Clinical Trial Summary

Effective clinical management of chronic conditions like depressive symptoms of caregivers actually requires a sequence of interventions, each adapts to responses to prior interventions, and hence multiple intervention decisions throughout the whole careers of dementia caregivers. The main objective of this study is to build the capacity in the community to support the family caregivers of PWD and identify a 2-stage adaptive intervention involving behavioral activation and mindfulness practice to reduce their depressive symptoms using SMART design. A random sample of 272 family caregivers of PWD who meet the clinical criteria of subthreshold depression will be recruited. Participants will be assessed at T1 (baseline assessment); T2 (immediately after the first stage intervention); T3 (immediately after the 2nd stage intervention); T4 (3 months after the 2nd stage intervention); T5 (6 months after the 2nd stage intervention) with various health-related outcomes. The findings will inform us whether the SMART is efficient in identifying an effective adaptive intervention for reducing depressive symptoms. More importantly, will also show us how to alleviate the negative impact of caregiving in the family caregivers.

Description:

Aims The main objective of this study is to build the capacity in the community to support the family caregivers of PWD and identify a 2-stage adaptive intervention involving behavioral activation and mindfulness practice to reduce their depressive symptoms using SMART design. Using a sequential multiple randomized trial (SMART), we aim to investigate whether (1) the smartphone-delivered behavioral activation (SD-BA) or smartphone-delivered mindfulness practice (SD- MP) is more effective for reducing depressive symptoms as the first-stage intervention; (2) evaluate whether extending the original first stage intervention with an additional self-efficacy enhancing component or switching to an alternative intervention is more effective in reducing depressive symptoms when participants are not responding to the first stage intervention; (3) evaluate the sequence of the intervention, SD-BA followed by SD-MP or SD-MP followed by SD-BA is more effective in reducing depressive symptoms; and 4) identify which of our four embedded adaptive interventions (SD- BA with booster for responders and (SD-BA for nonresponses; SD-BA with booster for responders and SD-MP for no responders; SD-MY with booster for responders and SD-MP for non-responders; SD-MP with booster for responders and SD-BA for non-responders) is the most effective for reducing depressive symptoms. Methods A random sample of 272 family caregivers of PWD who meet the clinical criteria of subthreshold depression will be recruited. Participants will be assessed at T1 (baseline assessment); T2 (immediately after the first stage intervention); T3 (immediately after the 2nd stage intervention); T4 (3 months after the 2nd stage intervention); T5 (6 months after the 2nd stage intervention) with various health-related outcomes. Significance and value The findings will not only inform us whether the SMART is an efficient approach for identifying an effective adaptive intervention for reducing depressive symptoms, but , more importantly will also show us how to alleviate the negative impact of caregiving in the family caregivers.
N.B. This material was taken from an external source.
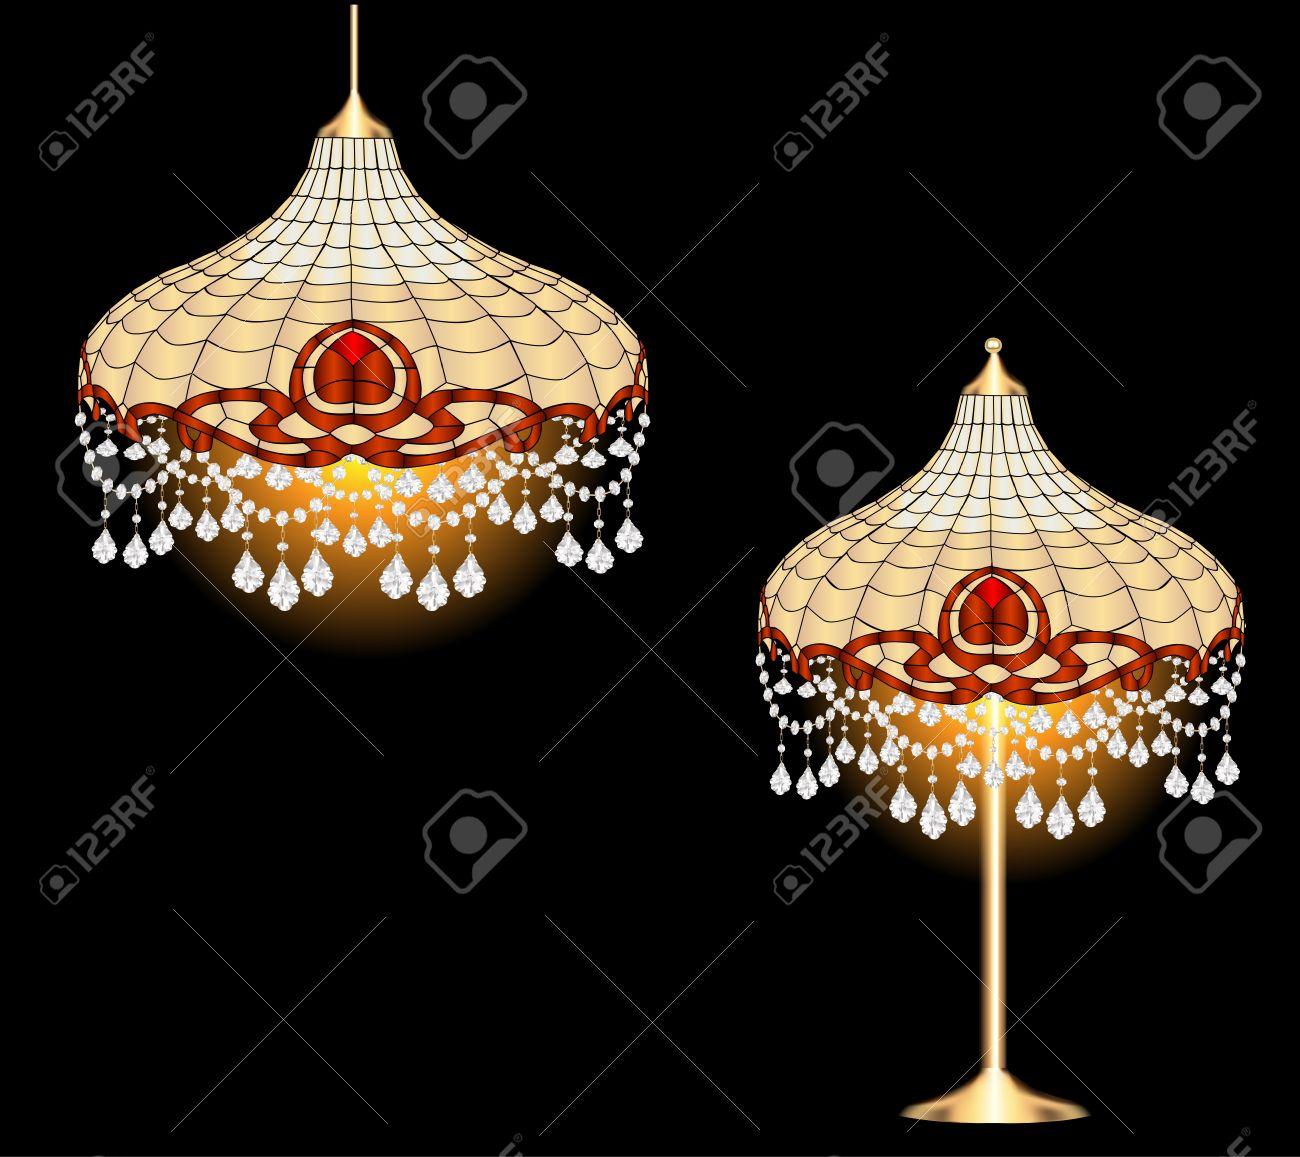 Lampadario con lampade pendenti: illuminazione cantori iago ...

Recruitment information / eligibility

• Status: Recruiting
• Enrollment: 136
• Est. completion date: September 1, 2025
• Est. primary completion date: December 1, 2024
• Accepts healthy volunteers: Accepts Healthy Volunteers
• Gender: All
• Age group: 18 Years and older

Eligibility

Inclusion Criteria:

1. aged 18 or above

2. FC of an individual with a confirmed medical diagnosis of any type of dementia who has been residing in the community;

3. having been providing care for at least 3 months prior to recruitment

4. the presence of mild-to- moderate depressive symptoms (Patient Health Questionnaire-9 (PHQ-9) score 5 to 14).

Exclusion Criteria:

1. having participated in any structured mind-body intervention, cognitive therapy, or structured psychosocial intervention 6 months prior to recruitment

2. having acute psychiatric and medical comorbidities that are potentially life- threatening or would limit the caregivers' participation or adherence (e.g., suicidal ideation, acute psychosis).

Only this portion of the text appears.